> _Aim of the task_
Below is a listing with pictures. Repeat exactly the lines starting at the one holding "[東京住宿推薦]Candeo Hotels東京六本木光芒飯店-超大鐵塔景觀房!地鐵走路2分好方便~ @美食好芃友" and going on through the one holding "Dientes dentro de", and leave every picture out.

> _Input_
====

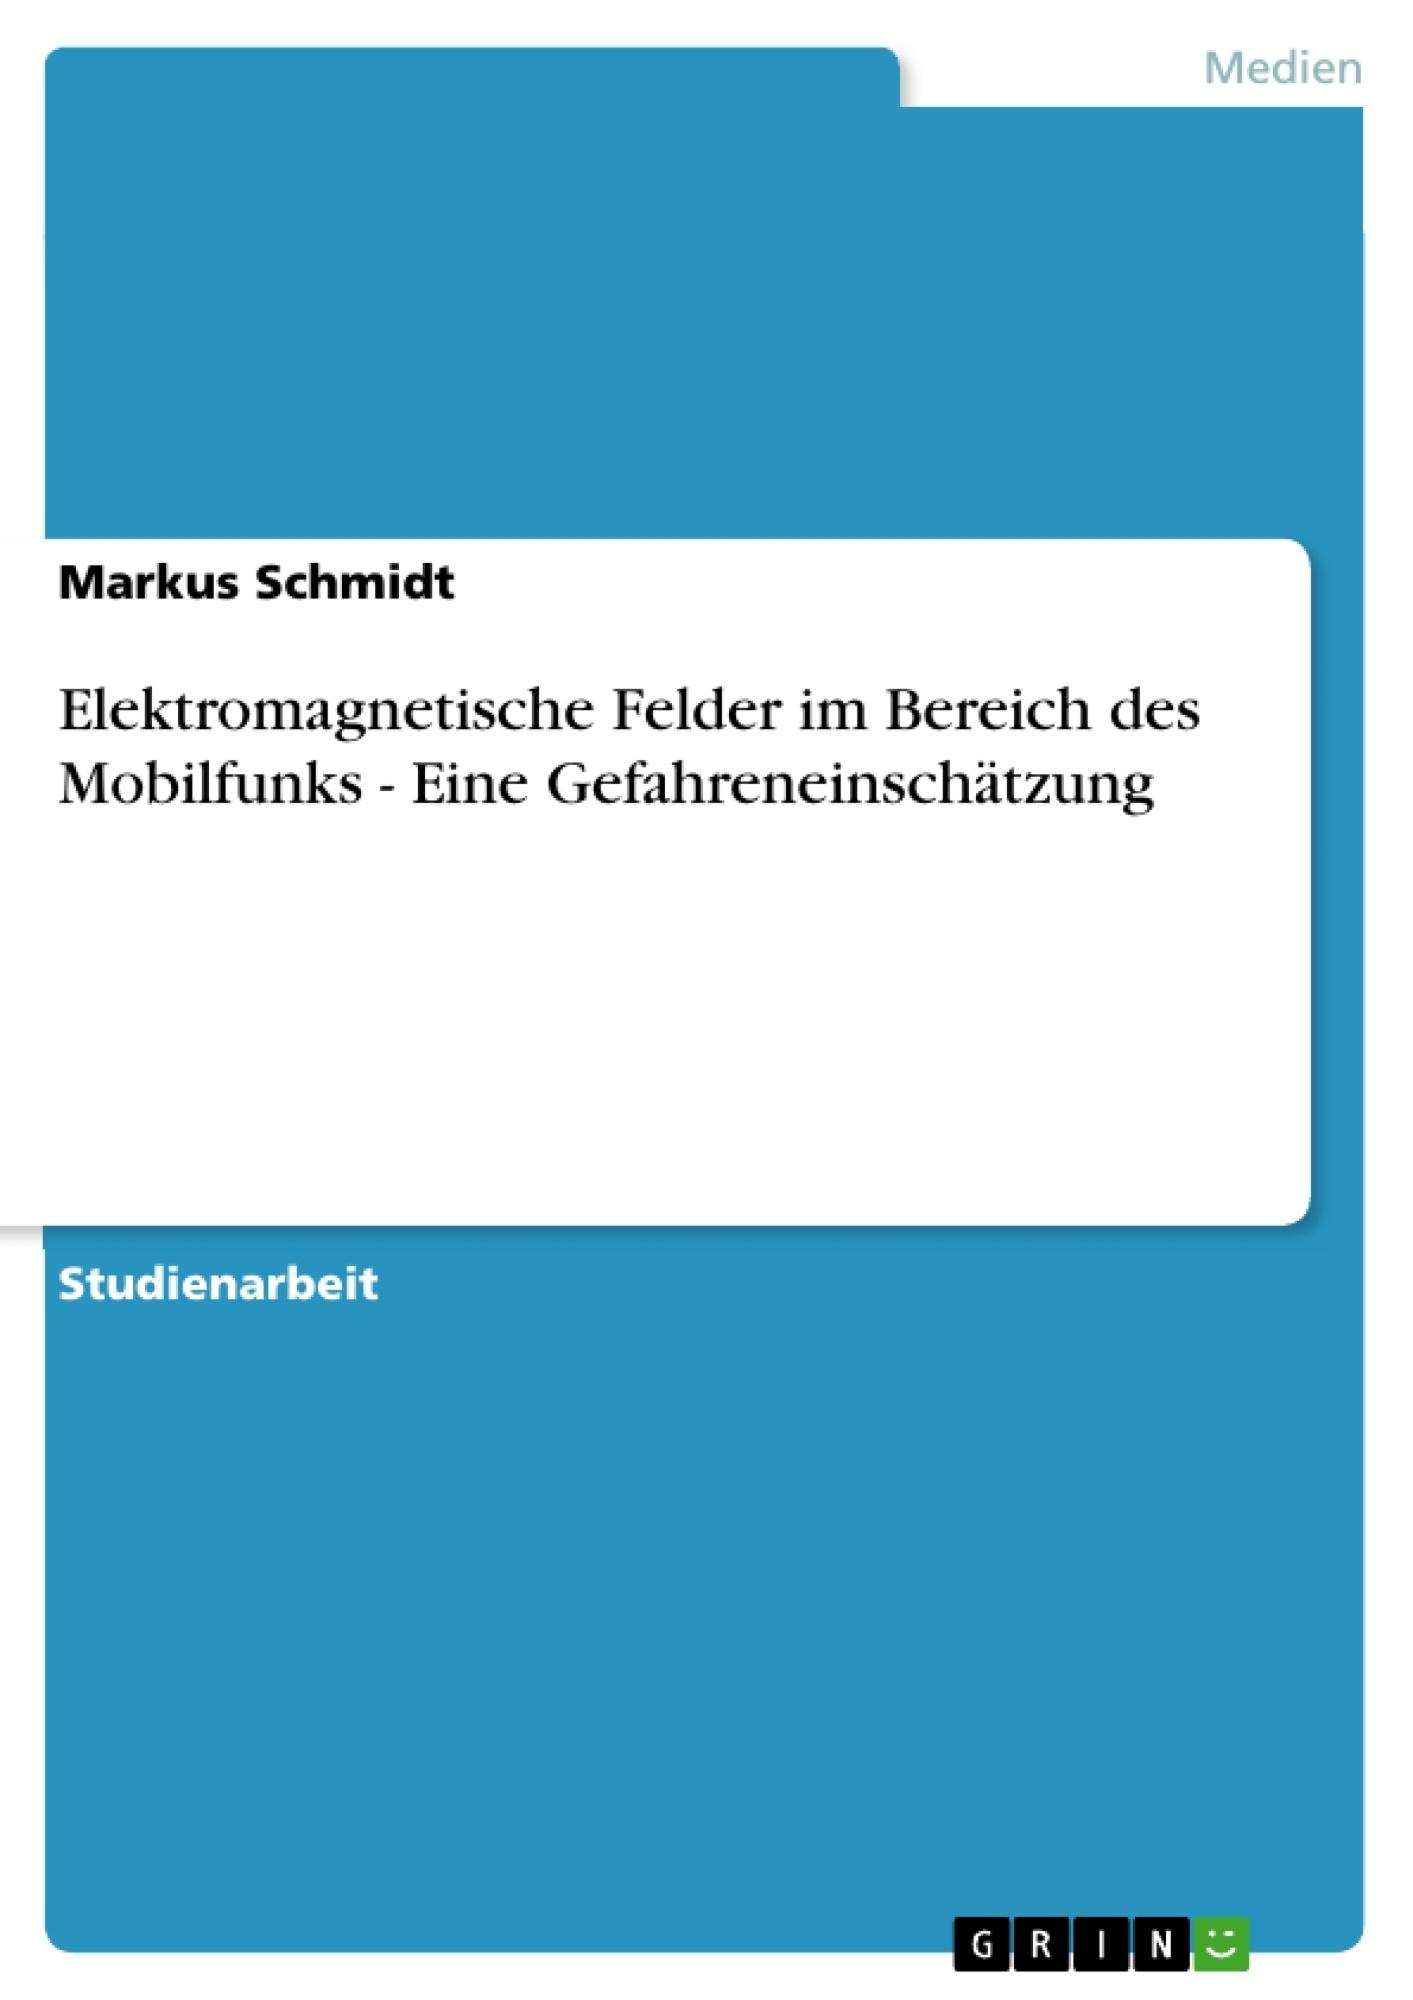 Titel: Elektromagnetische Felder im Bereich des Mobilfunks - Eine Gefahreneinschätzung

====

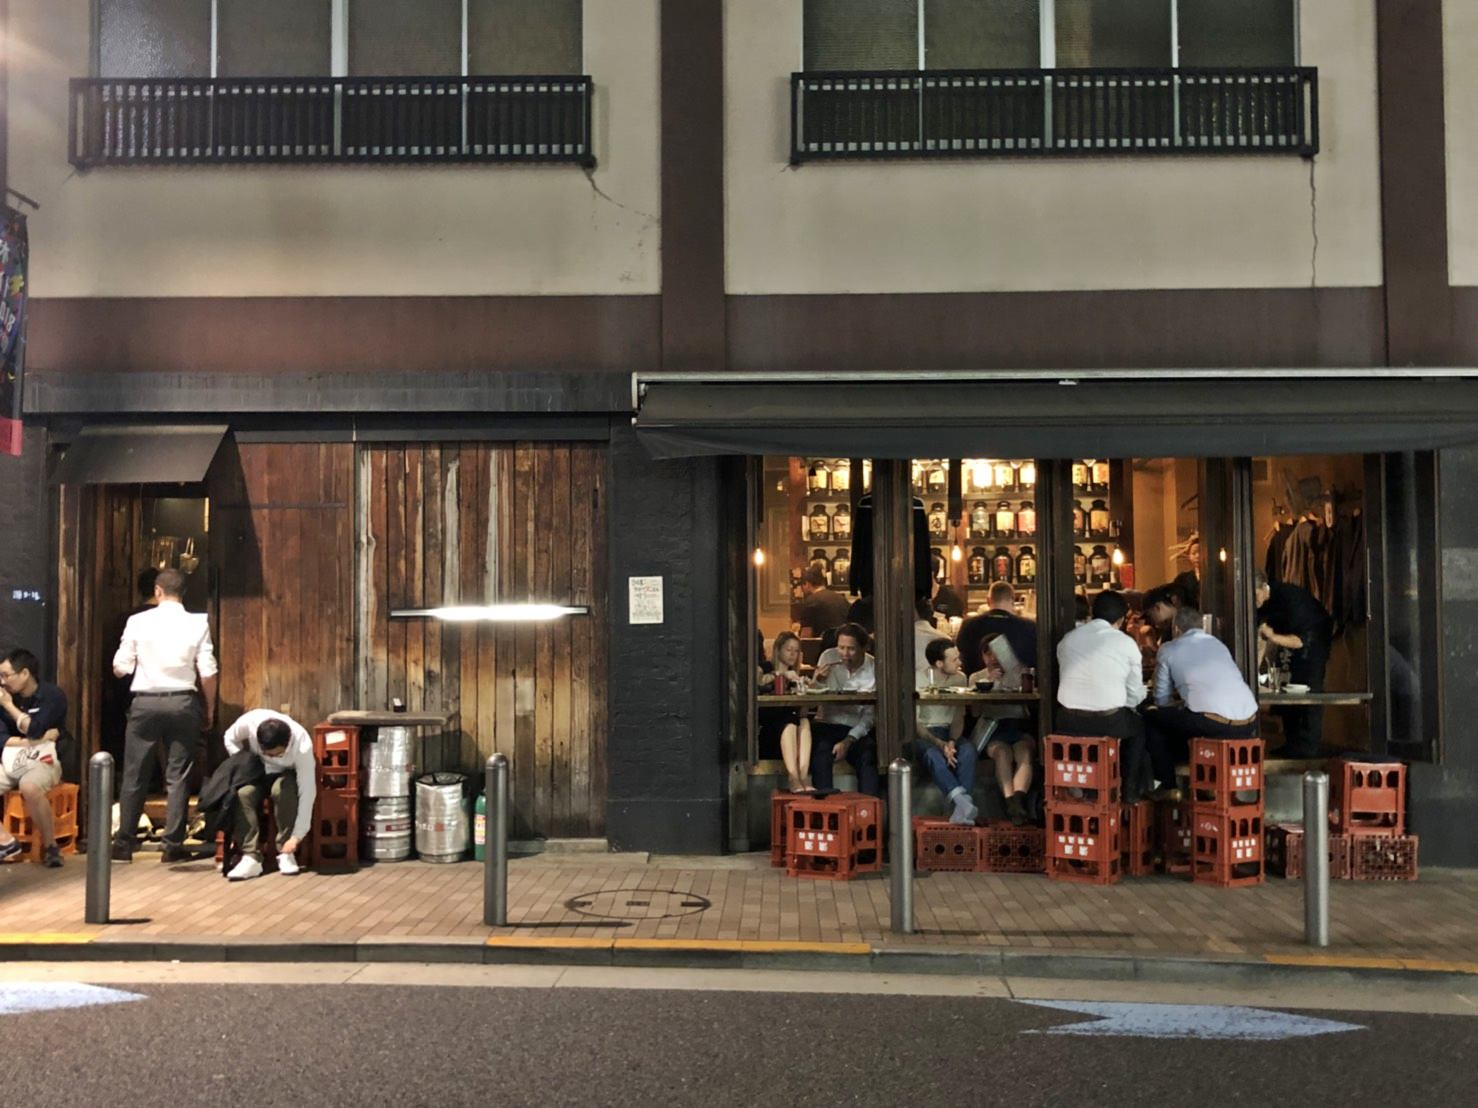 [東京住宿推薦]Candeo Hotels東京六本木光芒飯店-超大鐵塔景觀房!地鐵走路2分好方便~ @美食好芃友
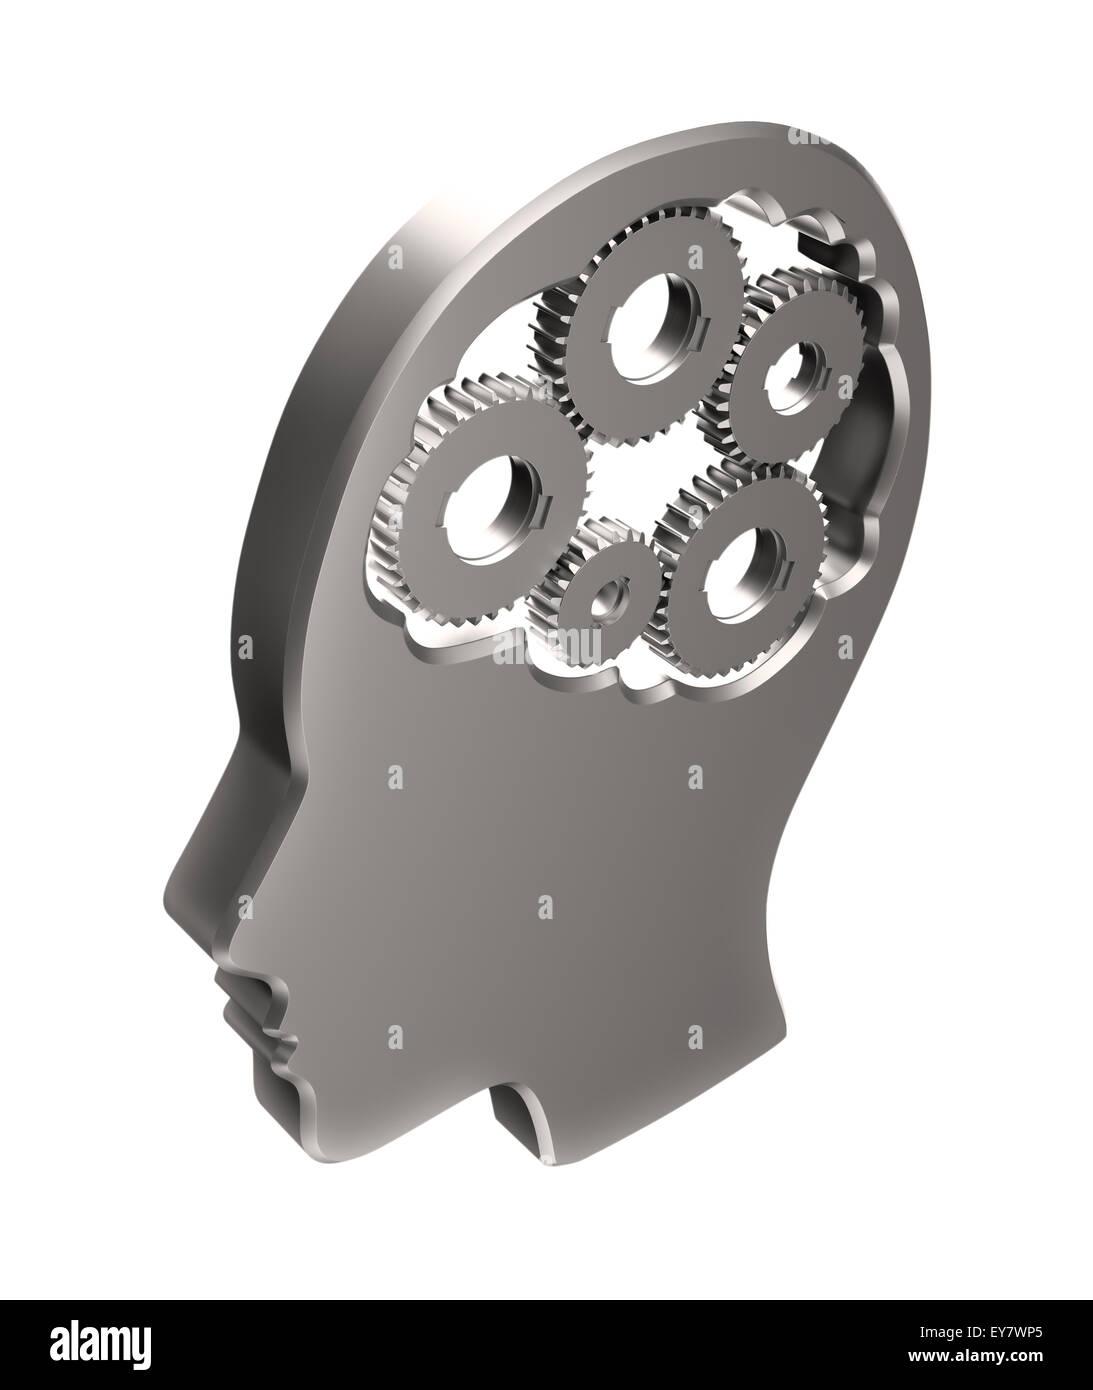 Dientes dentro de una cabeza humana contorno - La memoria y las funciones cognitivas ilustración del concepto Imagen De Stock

====

> _Written reply_
 [東京住宿推薦]Candeo Hotels東京六本木光芒飯店-超大鐵塔景觀房!地鐵走路2分好方便~ @美食好芃友
 Dientes dentro de una cabeza humana contorno - La memoria y las funciones cognitivas ilustración del concepto Imagen De Stock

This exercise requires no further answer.